These patterns suggest potential high-effect, population-specific contributions to EOBC risk. Full variant counts, annotations, and allele frequencies for candidate genes are reported in Supplementary Table S3.
Due to the inability to perform gender-adjusted modeling, X-linked signals are presented as exploratory and should not be interpreted as evidence of gender-linked susceptibility without gender-adjusted modeling and independent replication.
Several estimates show wide confidence intervals due to low carrier counts; therefore, OR magnitudes, particularly for exploratory and X-linked genes, should be interpreted cautiously.
2.5. Candidate EOBC Susceptibility Genes
Beyond known hereditary cancer genes, gene-level SKAT analyses on low-frequency nonsynonymous variants identified five additional candidate EOBC susceptibility genes achieving exome-wide significance (Table 4), three of which overlapped with burden-based exome-wide significant genes (GUCY2F, FRMPD3, SHROOM2). Variant-level details have been provided in Supplementary Table S4.
2.6. Pathway-Level Findings
To evaluate whether associated genes converged on shared biological processes, KEGG pathway enrichment analysis was performed using the set of genes harboring rare predicted damaging variants. KEGG pathway enrichment analysis did not identify any pathways that remained significant after FDR correction (FDR ≥ 0.05). This lack of pathway-level convergence is consistent with allelic heterogeneity, modest cohort size, and the likelihood that EOBC susceptibility in this population involves diverse molecular mechanisms rather than a single dominant signaling axis.
3. Discussion
3. Discussion
Next-generation sequencing (NGS) has expanded understanding of cancer genetics, yet a large proportion of early-onset breast cancer (EOBC) heritability remains unaccounted for, particularly in underrepresented populations. This knowledge gap is pronounced in the Arab region, where breast cancer is diagnosed at significantly younger ages and where comprehensive germline investigations are limited. Here, we leveraged whole-exome sequencing (WES) to assess the contribution of rare coding variants to EOBC predisposition in Saudi women and to identify candidate susceptibility genes warranting further study.
Using harmonized sequencing and bioinformatic pipelines across 102 EOBC cases and 1395 cancer-free controls recruited from the same national Saudi cohort, we applied stringent frequency and pathogenicity filters to prioritize rare loss-of-function and predicted-damaging variants. This strategy enabled robust gene-level association analysis while minimizing technical and population stratification artifacts.
Consistent with established biology, BRCA1 demonstrated the strongest association signal, with a ~51-fold case enrichment of rare deleterious variants. This supports BRCA1 as a dominant hereditary contributor to EOBC in Saudi women and reinforces its priority in genetic testing and counseling protocols. Detection of two pathogenic BRCA1 variants in controls likely reflects limited cohort size, incomplete longitudinal follow-up, or age-dependent penetrance, underscoring the need for future family-based segregation and clinical annotation.
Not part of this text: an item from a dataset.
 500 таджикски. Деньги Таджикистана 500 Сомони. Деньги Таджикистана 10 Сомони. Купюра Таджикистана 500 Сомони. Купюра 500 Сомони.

TP53 was the second most significant gene (~14-fold enrichment), aligning with its recognized role in Li–Fraumeni spectrum cancers and very-early-onset breast cancer. Together, BRCA1 and TP53 accounted for 11.8% of EOBC cases, emphasizing substantial high-penetrance contribution in this population.
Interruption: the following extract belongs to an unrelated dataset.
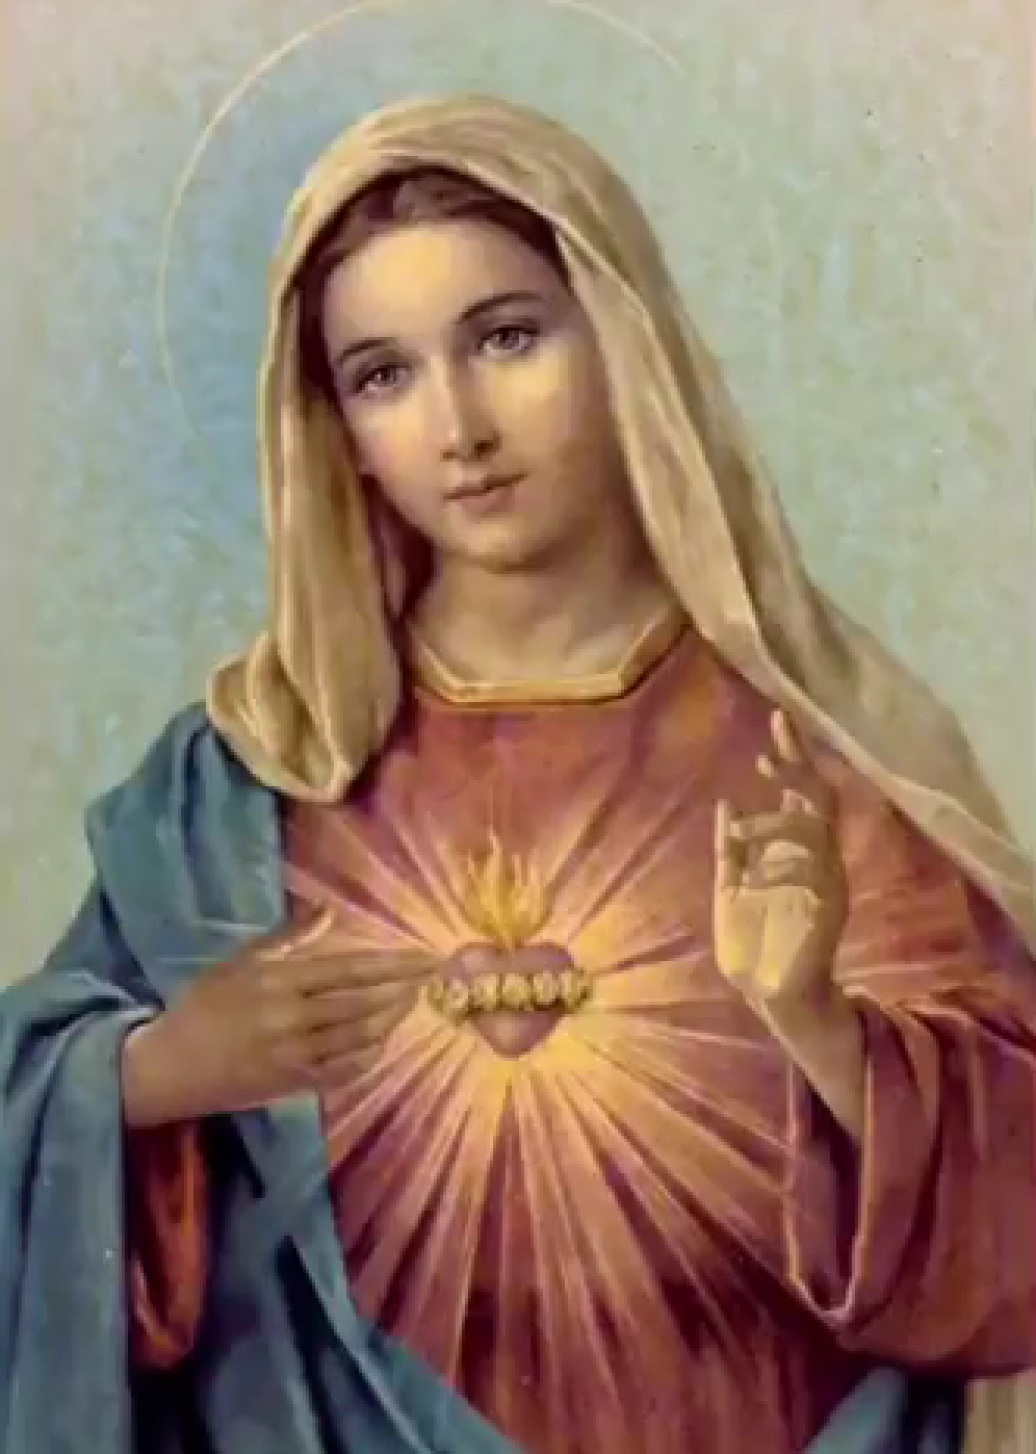 Sainte Vierge Marie

The enrichment of rare deleterious variants in BRCA1 and TP53 observed in this study is consistent with their established role as high-penetrance susceptibility genes for EOBC reported in Western and Asian populations. Previous exome-based rare-variant studies have similarly demonstrated a disproportionate contribution of BRCA1 and TP53 to EOBC, although reported carrier frequencies vary substantially across populations. Importantly, to our knowledge, no prior exome-wide rare-variant association study has specifically evaluated germline susceptibility in EOBC among Saudi or Arab populations. Our findings therefore provide the first population-specific exome-wide evidence supporting both shared high-penetrance drivers and potential ancestry-linked differences in the genetic architecture of EOBC.
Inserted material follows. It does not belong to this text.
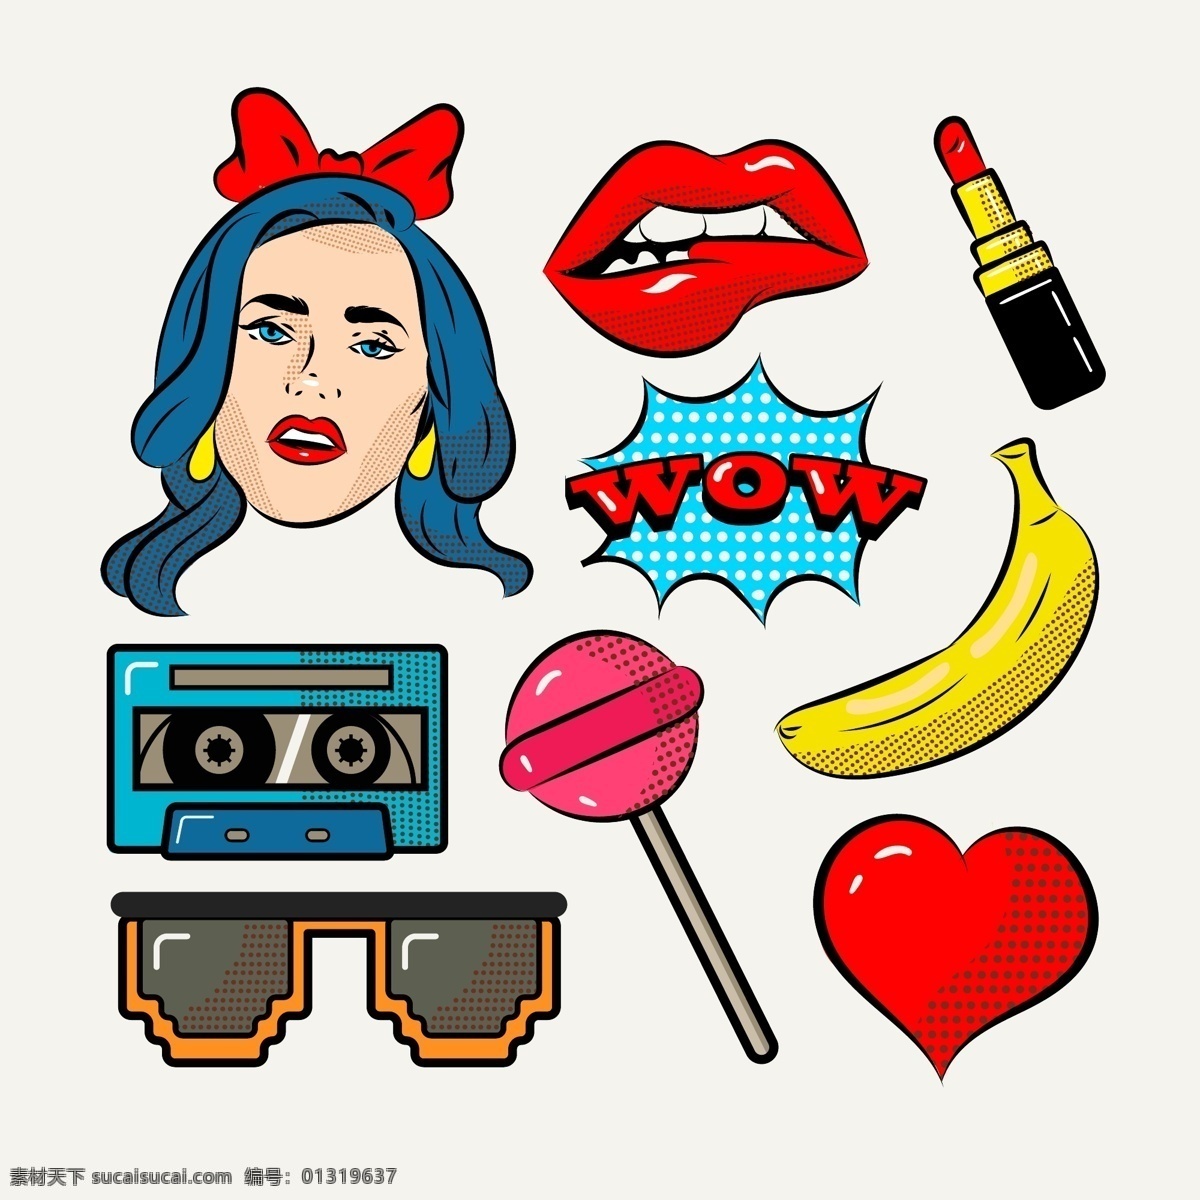 时尚 卡通 波普 风格 装饰 图案 摩登 摩登女郎 红唇 唇膏 口红 磁带 卡带 墨镜 香蕉 棒棒糖 红心 波普风格 波普元素 波普文化

Beyond known hereditary genes, we identified multiple case-exclusive rare variants in genes achieving exome-wide significance, including GUCY2F, FRMPD3, and SHROOM2. Replicated significance across burden and SKAT models provides convergent evidence within this dataset. However, this does not constitute replication, and independent validation is required. Their biological relevance to breast cancer development remains to be defined; however, they represent a focused and novel set of candidates for functional validation and replication in independent EOBC cohorts.
An additional observation was the clustering of rare-variant signals on the X chromosome, including DMD, GPR112, GUCY2F, FRMPD3, PLXNA3, RBMXL3, SHROOM2, and TENM1, with all carrier status restricted to EOBC cases. These concentrations of signals on the X chromosome should be interpreted cautiously. Rare-variant aggregation on sex chromosomes can be influenced by gene size, coverage heterogeneity, and technical calling differences; furthermore, biological interpretation is complicated by X-inactivation and dosage effects in females. Accordingly, X-linked candidate genes identified here should be considered hypothesis-generating and require replication and functional validation.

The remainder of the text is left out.